Replacing Twitter is simple. Have a proper support channel (Intercom, etc) so
your customers don’t need Twitter to get support from you, and use your
existing marketing tools (email, push notifications, etc) to keep in touch
with them. Done.

------
tripzilch
I'm pretty sure that "to wind down" is not a proper euphemism for "to shut
down".

"Winding down" literally means that before shutting down, there is an
incremental process with the explicit purpose to smoothly move into the
transition. There wasn't anything like that, not even a little.

What's especially rich is that Engineering VP Mike Montano nonsensically
repeats this phrase _after_ the fact: "we made the difficult decision to wind
things down right away". That's plain bullshitting.

He should have said, "we made the difficult decision to _shut_ things down
right away". But that would have sounded super irresponsible! But it _was_
super irresponsible, and describing it differently is just dishonest.

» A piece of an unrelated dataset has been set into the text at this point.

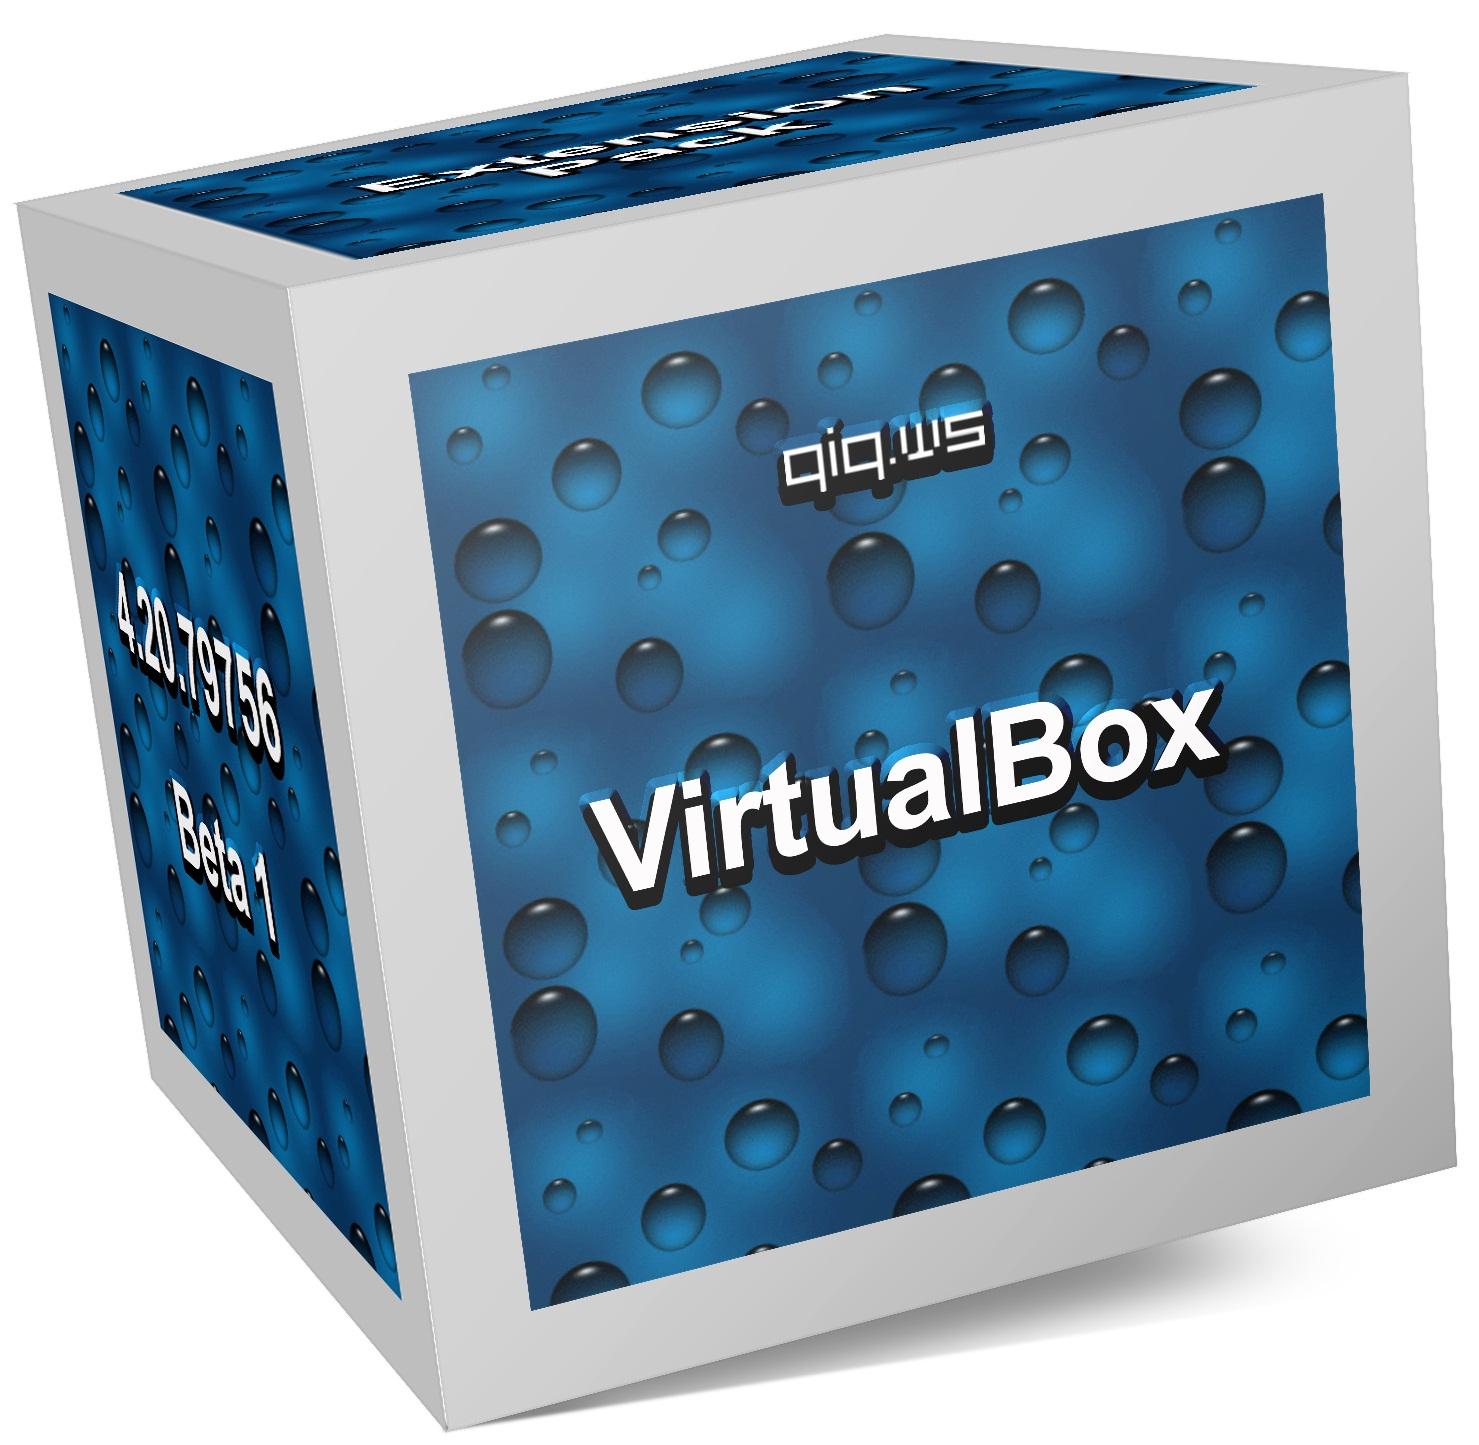 virtualbox 64 bit more than 1 core

And that wasn't accidental, this entire situation is exactly about the
difference between "winding down" and "shutting down".

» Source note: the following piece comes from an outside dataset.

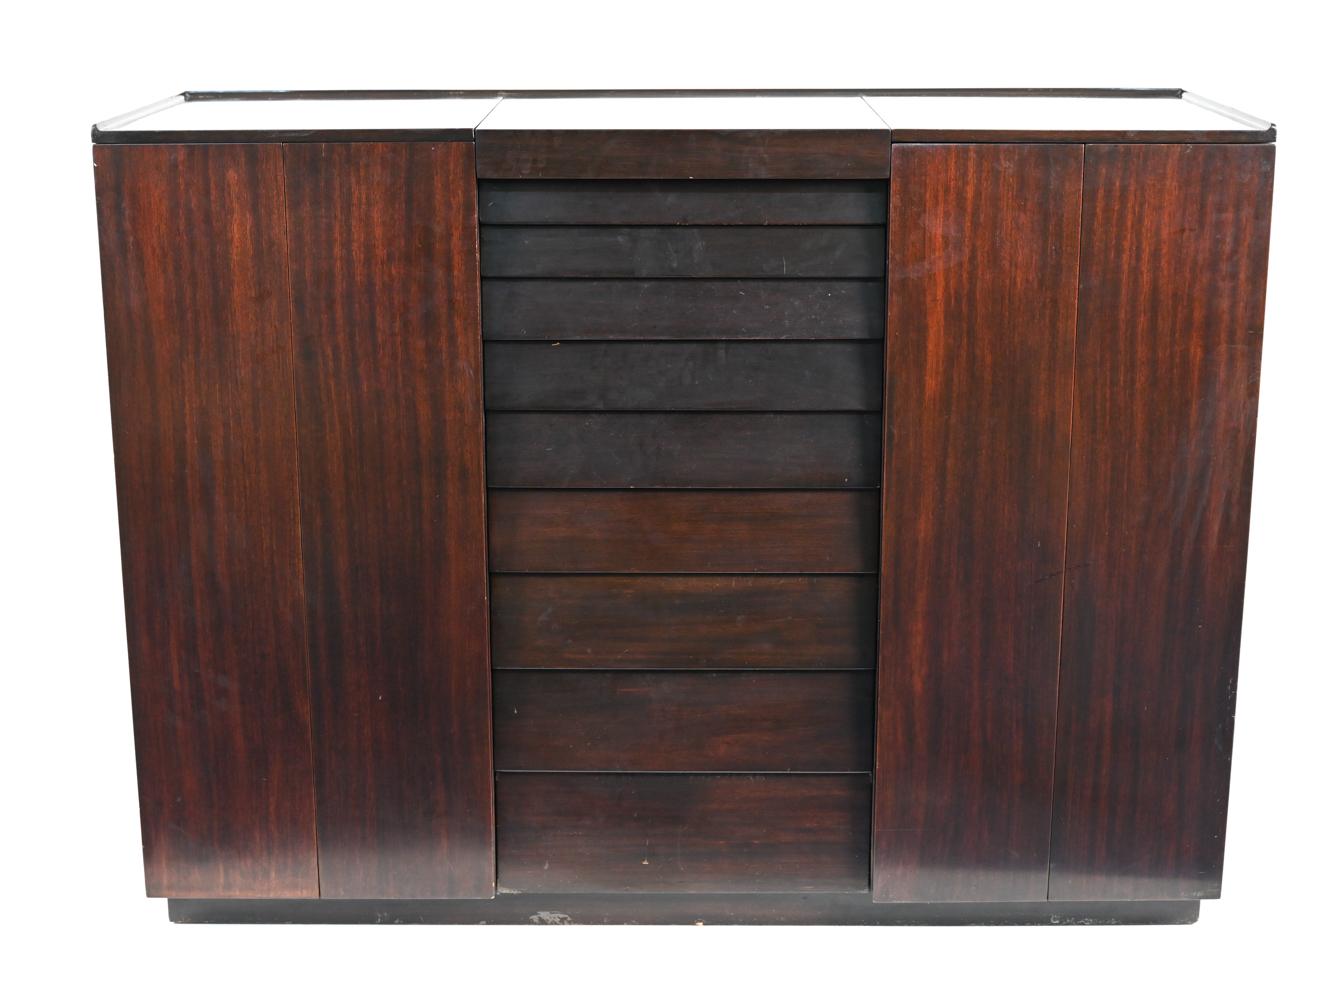 Ein schöner, funktioneller Schrank, entworfen von Edward Wormley für Dunbar, ca. Mitte der 1950er Jahre. Dieses Möbelstück aus ebonisiertem Mahagoni zeichnet sich durch zweiflügelige Schranktüren aus, die sich öffnen lassen, um ein eingebautes

Why do we allow people to communicate in this way? (publicly and/or from a
position of leadership). Twisting words in plain sight. There is no good
motivation behind this, it represents messed up priorities between
appearance/saving-face and responsibility.

I don't know anything else about this Mike Montano. Maybe he's a very good
manager when not talking like this. But leadership comes with responsibility
and when you twist words like that, it's only because you're trying to wriggle
out from underneath the responsibility.

------
jeswin
Lessons:

1\. Trust small, third-party, closed-source SaaS vendors at your own peril.

2\. Do not spend/waste your time integrating with random third party services
of questionable/unknown sustainability.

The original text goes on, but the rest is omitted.